Start of Data listing
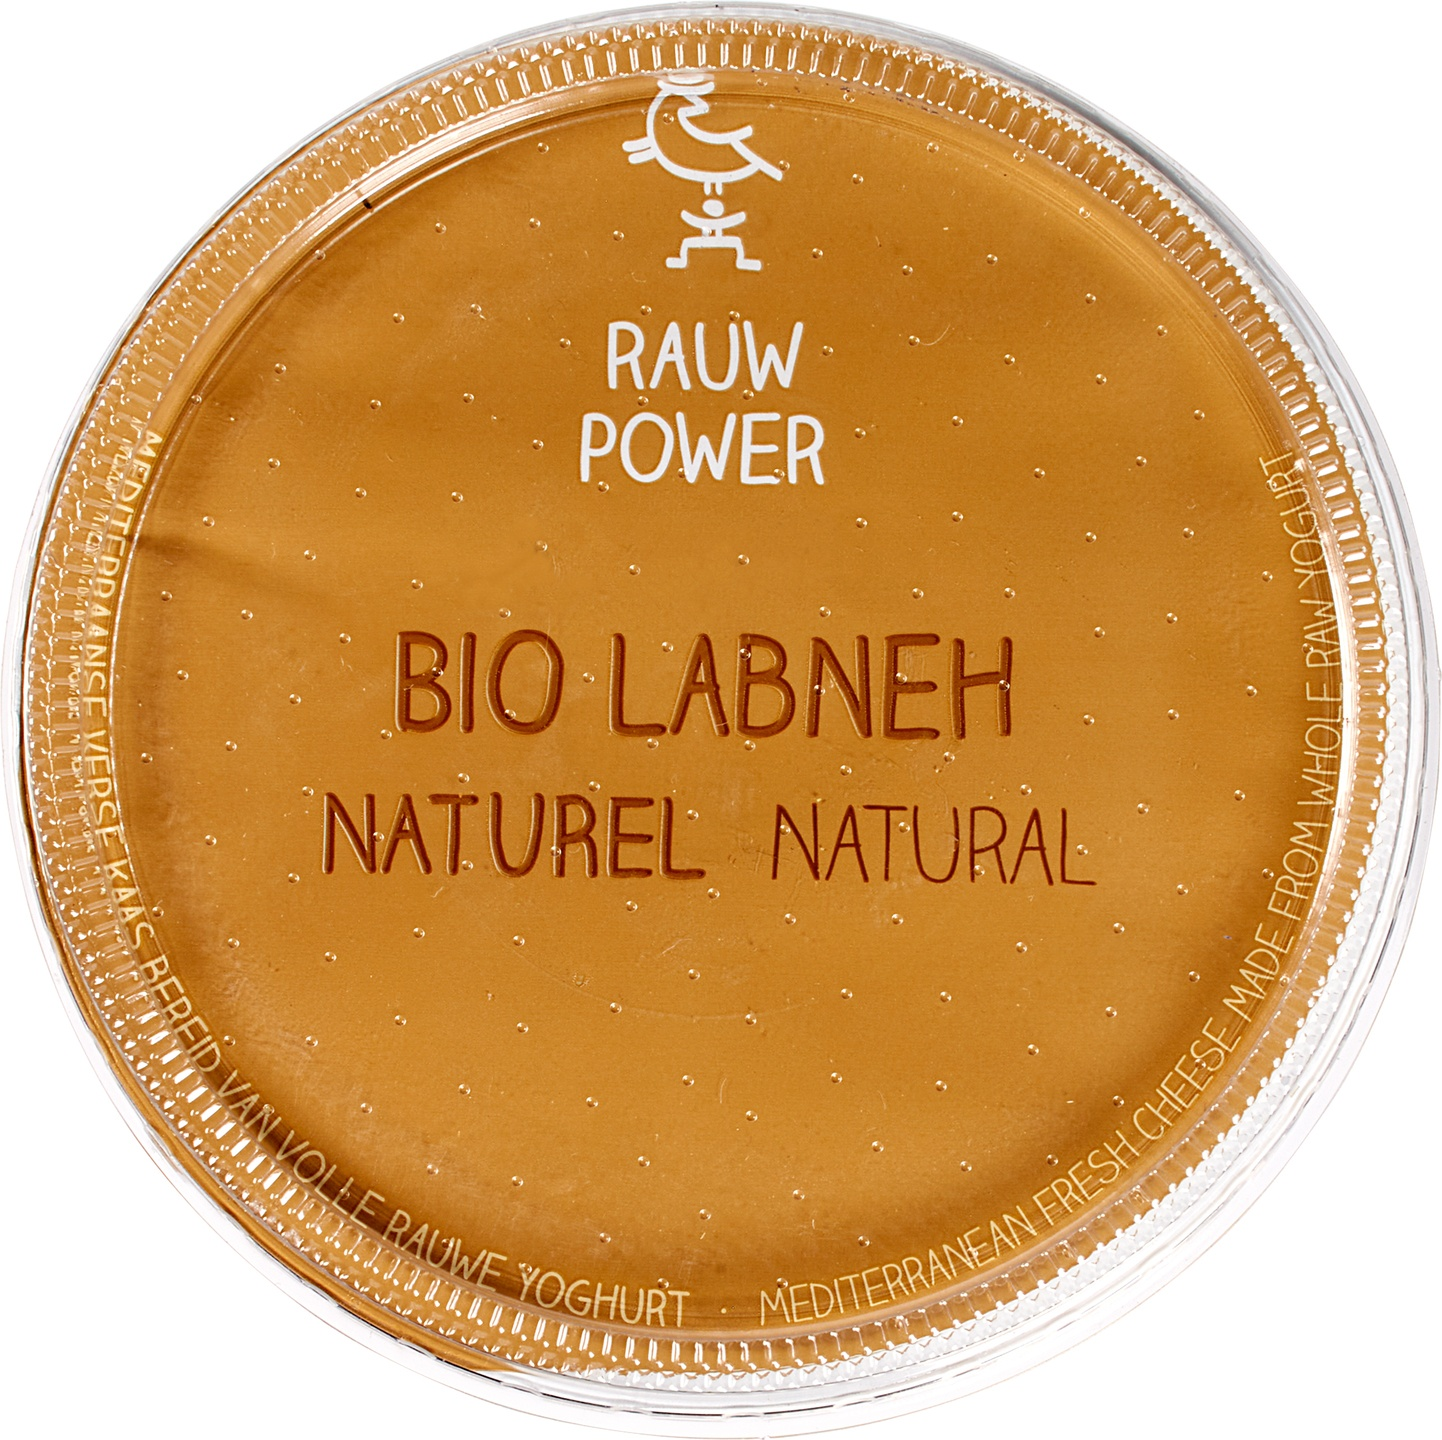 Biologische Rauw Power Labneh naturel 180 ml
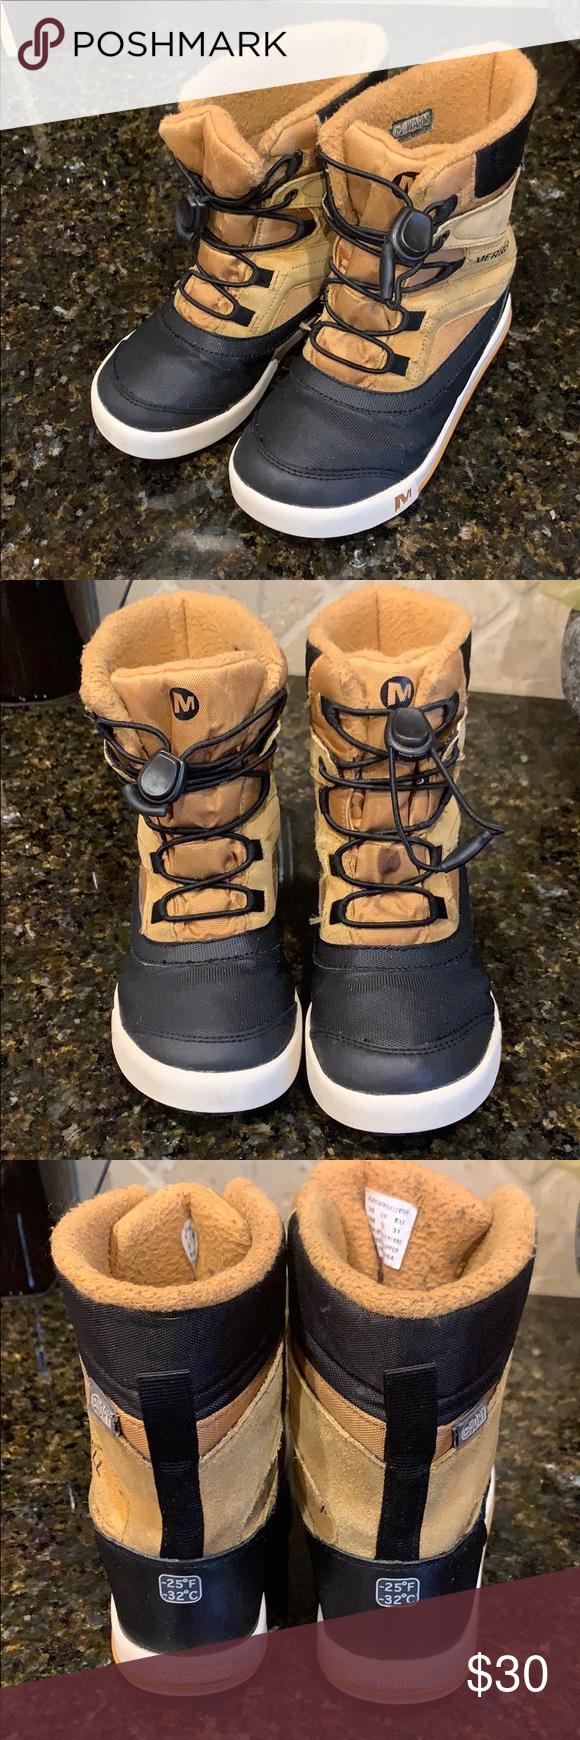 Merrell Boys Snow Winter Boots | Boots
End of Data listing
Start of Data listing
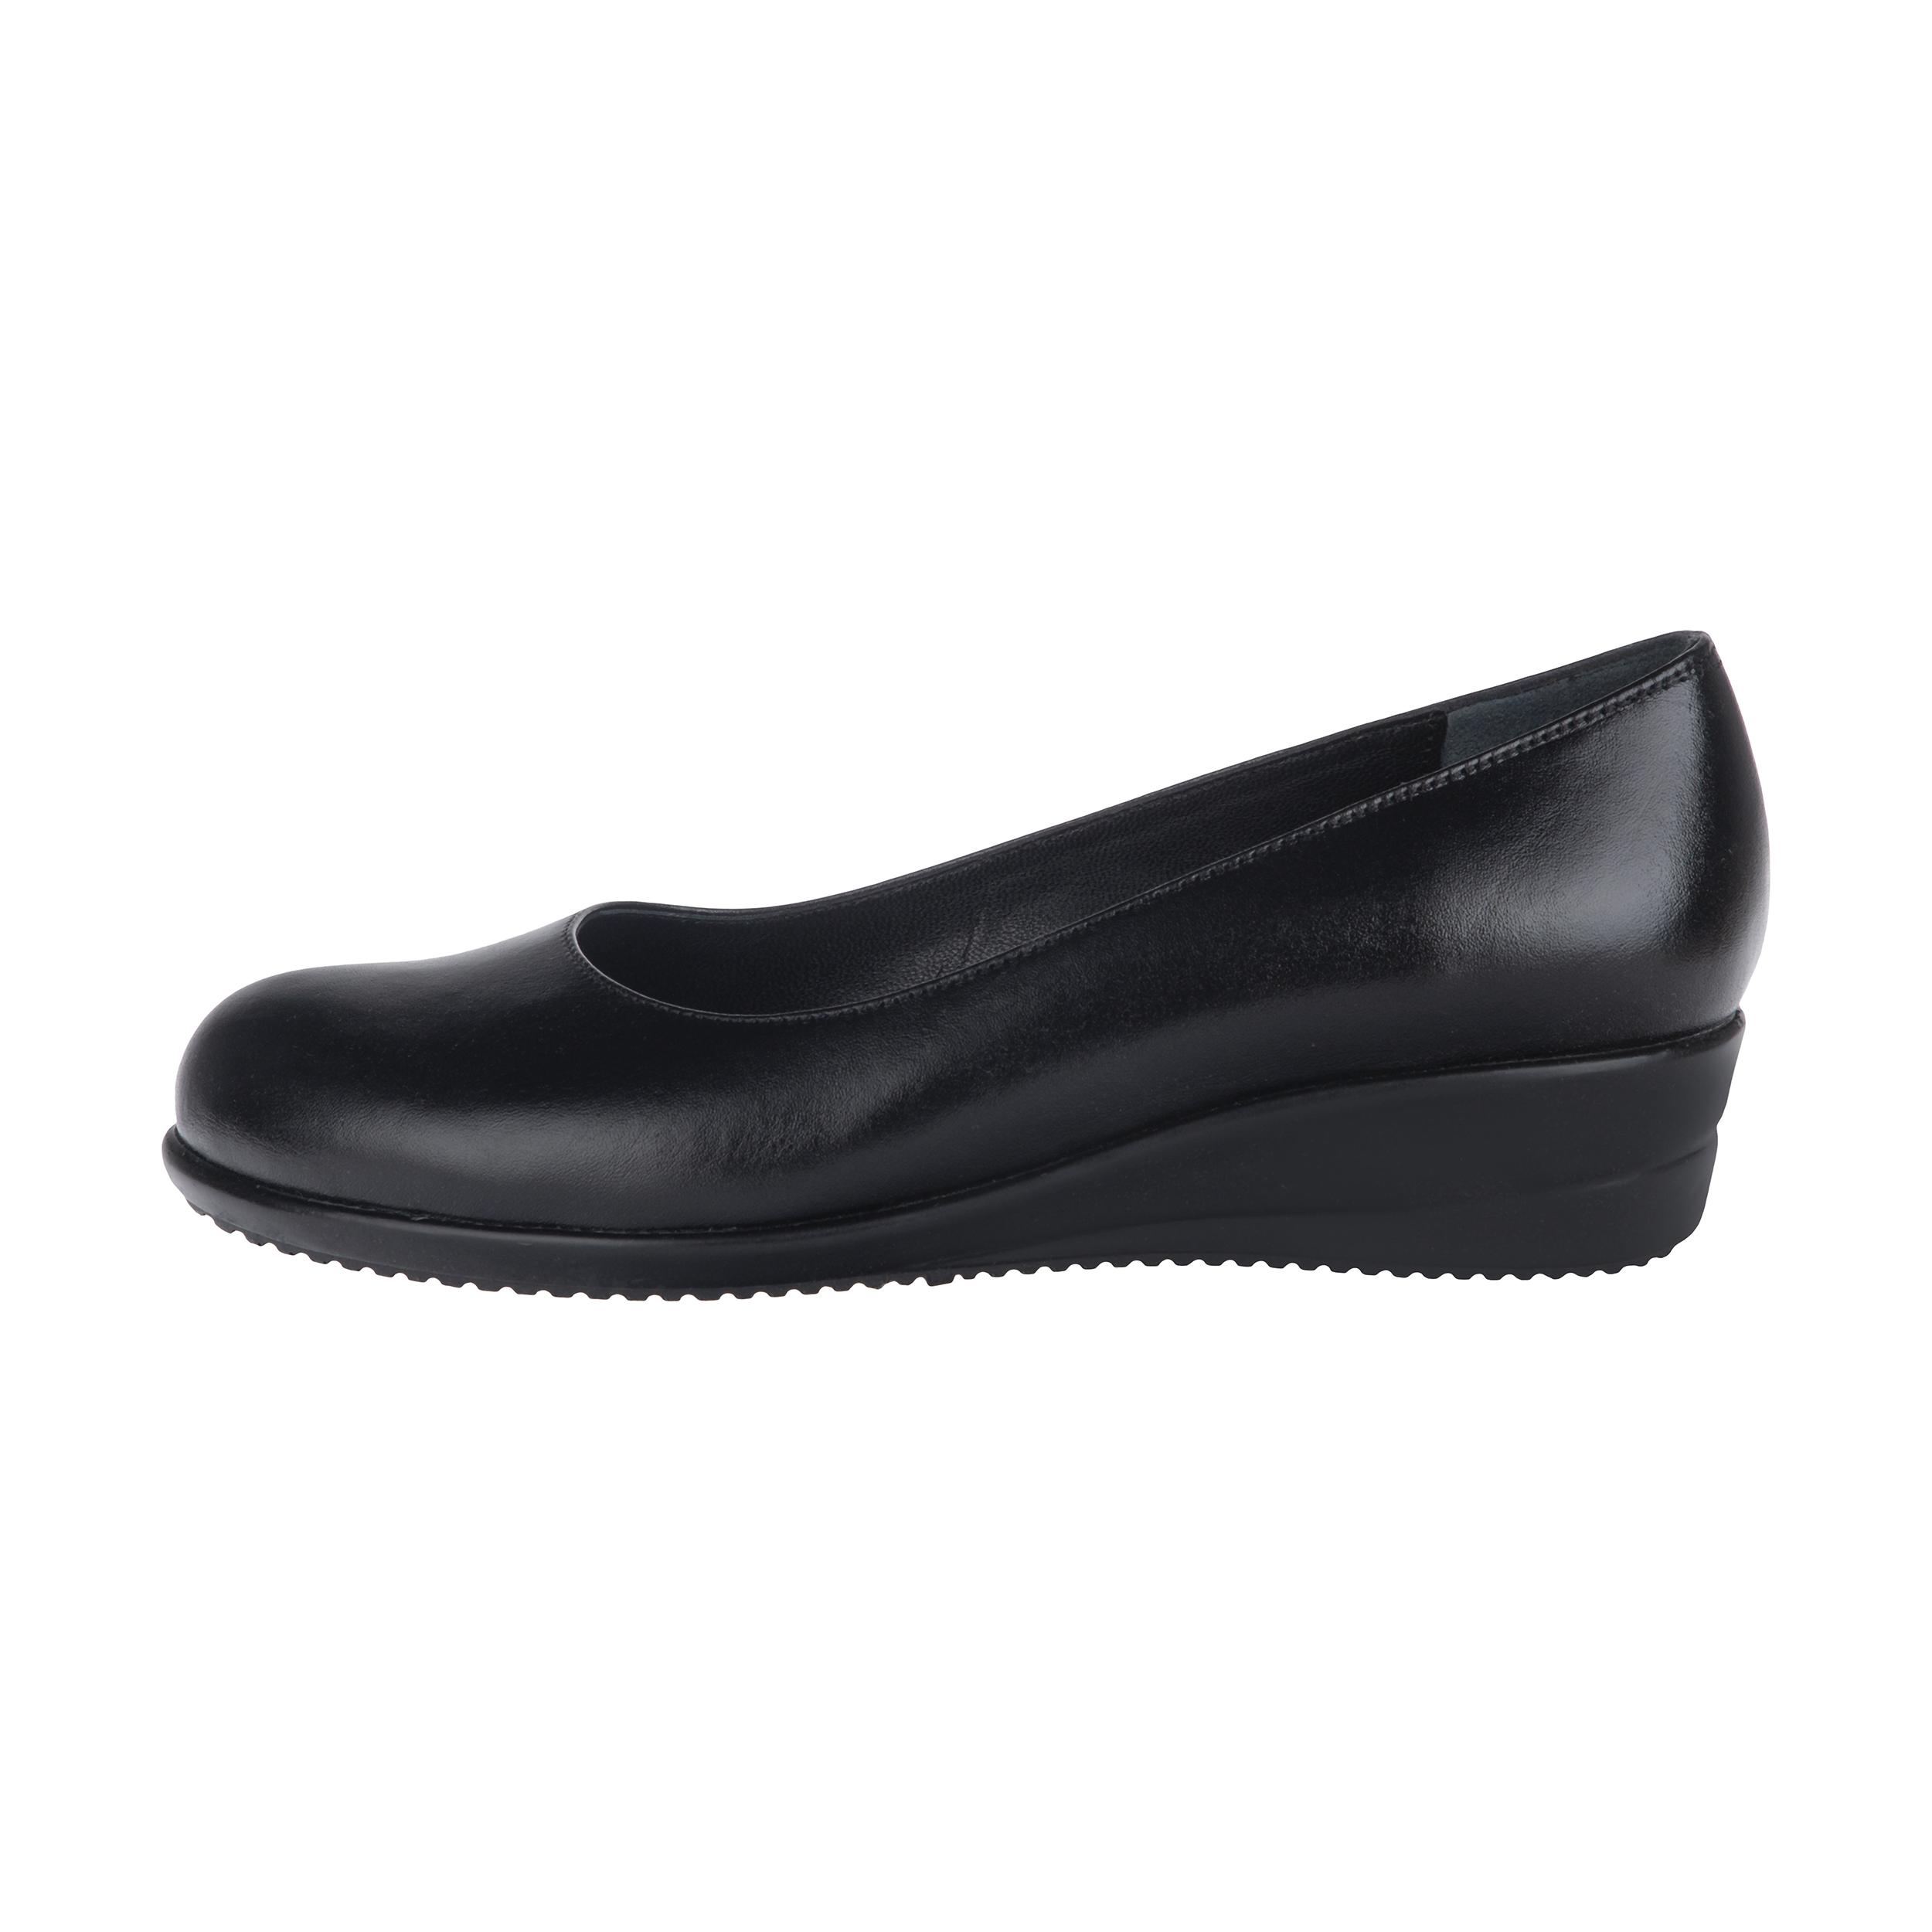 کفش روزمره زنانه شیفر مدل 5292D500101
End of Data listing
● Exercise aim
Transcribe only this stretch of the data: the line with "Biologische Rauw Power Labneh naturel 180 ml", the line with "Merrell Boys Snow Winter Boots | Boots", and every line in between. Leave out the pictures.

● Written solution
 Biologische Rauw Power Labneh naturel 180 ml
 Merrell Boys Snow Winter Boots | Boots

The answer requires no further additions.